Newfoundland: Bonavista to Gander

I did not expect to cram so many things into our time in Bonavista.  Yet, here I sit, tired out by a day that I thought was going to be a lot easier.

We woke up this morning to fresh partridge berry pancakes at our Air BnB and what we thought were going to be some quick stops along the road to Gander.  The first was the Ryan Premises, which is a National Historic site that goes over not only the history of Bonavista, but the history of fishing in Newfoundland, the history of seal hunting, and a museum for the town.  I went in not expecting much from what I thought was a small-town museum, but oh my goodness, was I wrong.  They had a giant magnetic board game depicting how a journey across the Atlantic might work, displays that were good looking and informative, different buildings to look at and a souvenir shop with adorable puffin merchandise.  This might have been the best small-town museum I’ve ever been in.

Next stop in town was Ye Matthew, a recreation of the wooden ship that John Cabot took across the Atlantic when he discovered Newfoundland.  While the Ryan Premises fit into the Canada 150 deal where everything is free, the Matthew was $7.25 a pop, which was… fine.  I’m not sure if it was too highly priced because we’ve been doing free all summer, or if it was just the right price, but it was a nice exhibit, with lots of information about Cabot, his expedition, and a video of Queen Elizabeth coming to Bonavista to commemorate the 500th year since Cabot discovered Newfoundland.  Right near the harbour where, if we were doing a whale and puffin tour, we could easily catch a boat.

Our whale and puffin experiences would be coming, though.

The Bonavista lighthouse had been near the top of the list of things to see on our trip to the east, due to its scenic location and the seabirds that circle it.  Before we even got there, we started to see the puffs of water that come from a whale’s spout.  We pulled over and saw about a dozen whales moving between the rocks, feeding on the fish in the area.  Even though we had the close encounter a few days ago in St.

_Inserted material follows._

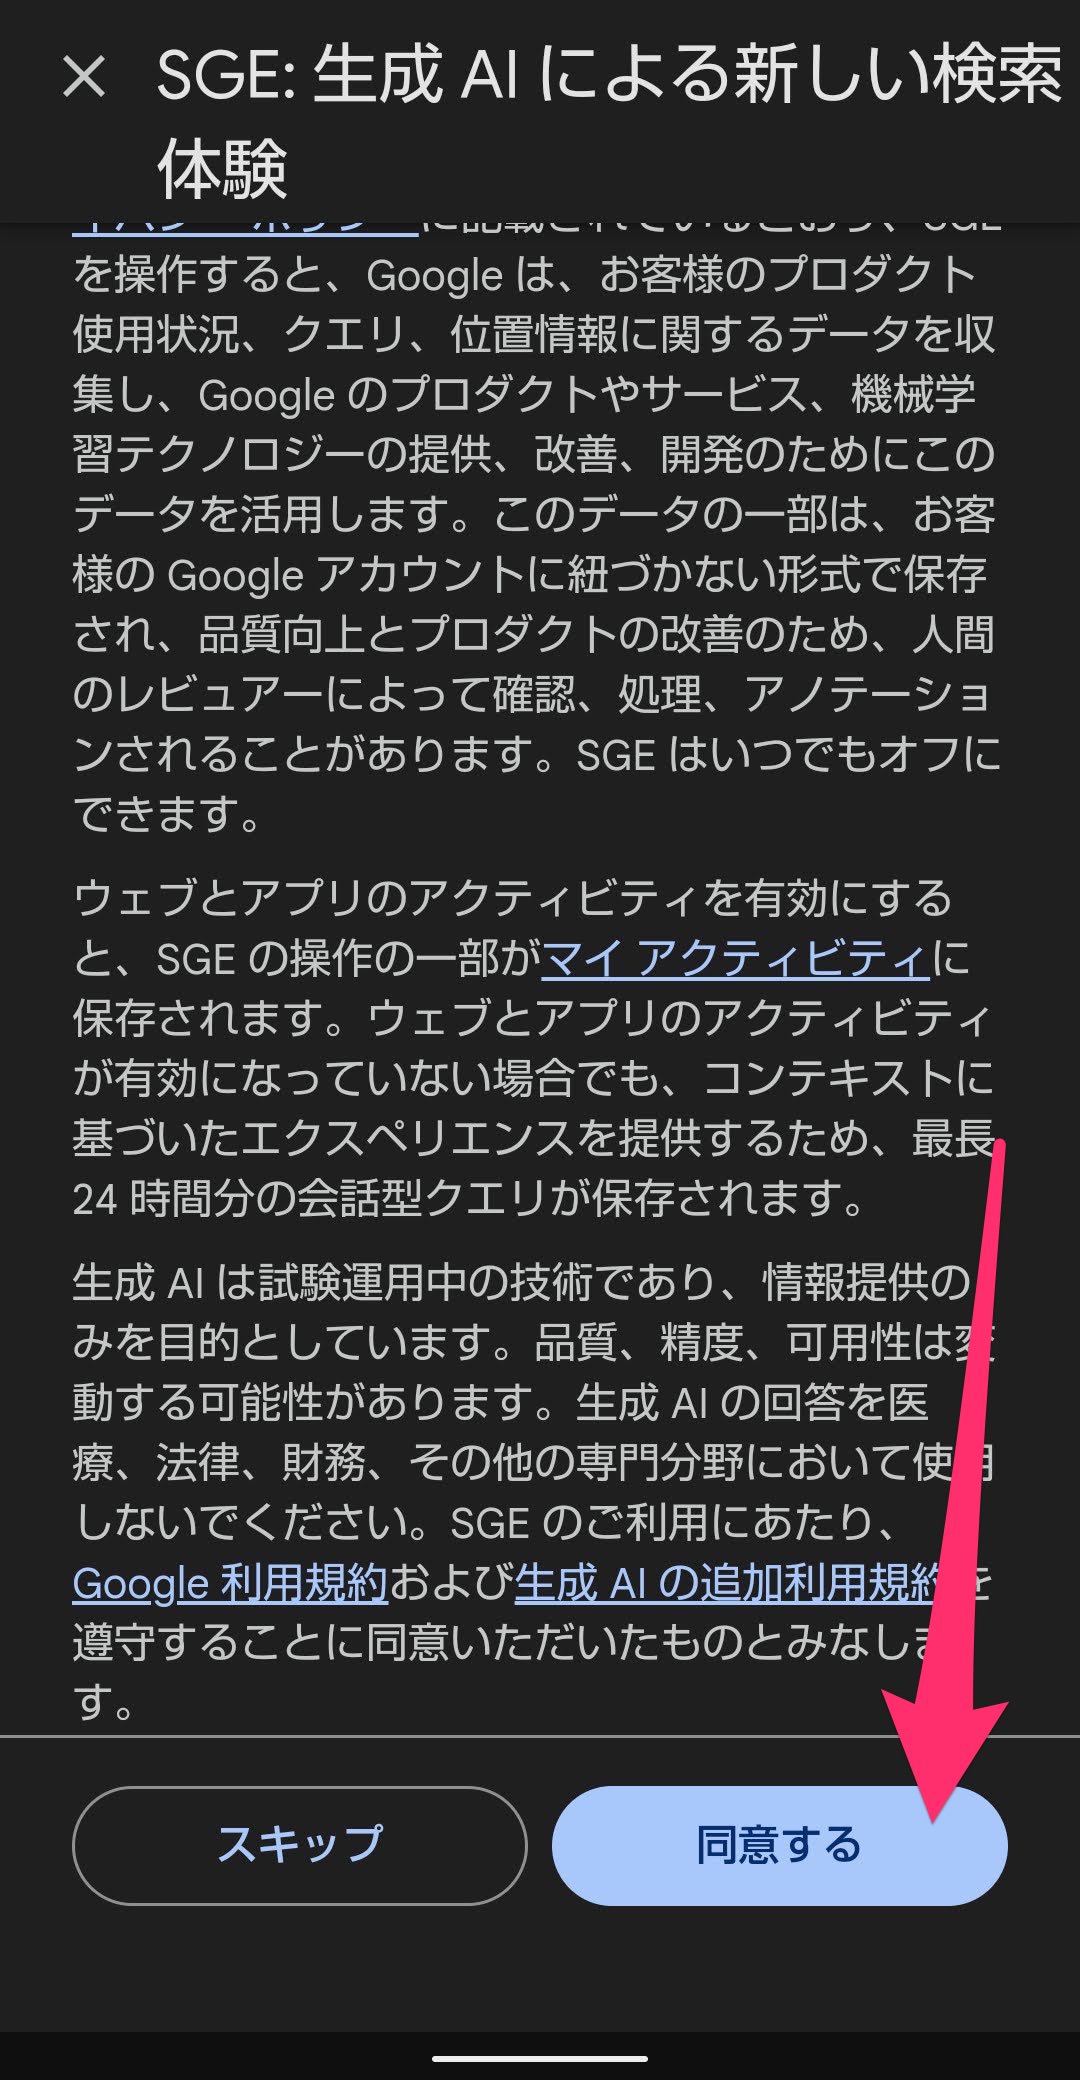 Google Search Labs 利用規約　同意

John’s, we still stood there for about a half hour, watching them come in and out of the water.  As we then made our way towards the lighthouse, we saw swarms of little black birds and realized they were PUFFINS!!!  They were flying up towards the lighthouse and hanging around the nearby rocks and generally being awkward and adorable.  So, that was another half hour of watching animals and taking pictures.  The lighthouse, which was beautiful, ended up being a bit of an afterthought.

Our next stop was the Dungeon Provincial Park, which is literally just a gravel road that leads towards a near sea cave that cuts into the rocks.  Totally worth a stop, especially if you’re on the way to the “Root Cellar Capital of the World”, Elliston, which was home to…


As amazing and adorable as the puffins were all over a rock that was just off shore.  Close enough that, with a decent zoom or binoculars, you could get some amazing views, but that you’d still see them interacting in their chubby little way regardless.  We even got lucky enough to have two puffins leave that rock and land within an arm’s length of us – we literally could have grabbed them, they were so close.  Again, a good half hour just snapping shots of puffins.

So, by the time we were done with Bonavista, the whales, the lighthouse, and the puffins, we were behind the “schedule” we thought we’d be on for the day.  Our final destination was Gander for the evening, and we’d make one more stop along the way in Terra Nova to drive up to the Blue Hill Lookout and get a view of the park, before finally making it to Gander.

So, long day, but one of the better ones.  Just puffined out!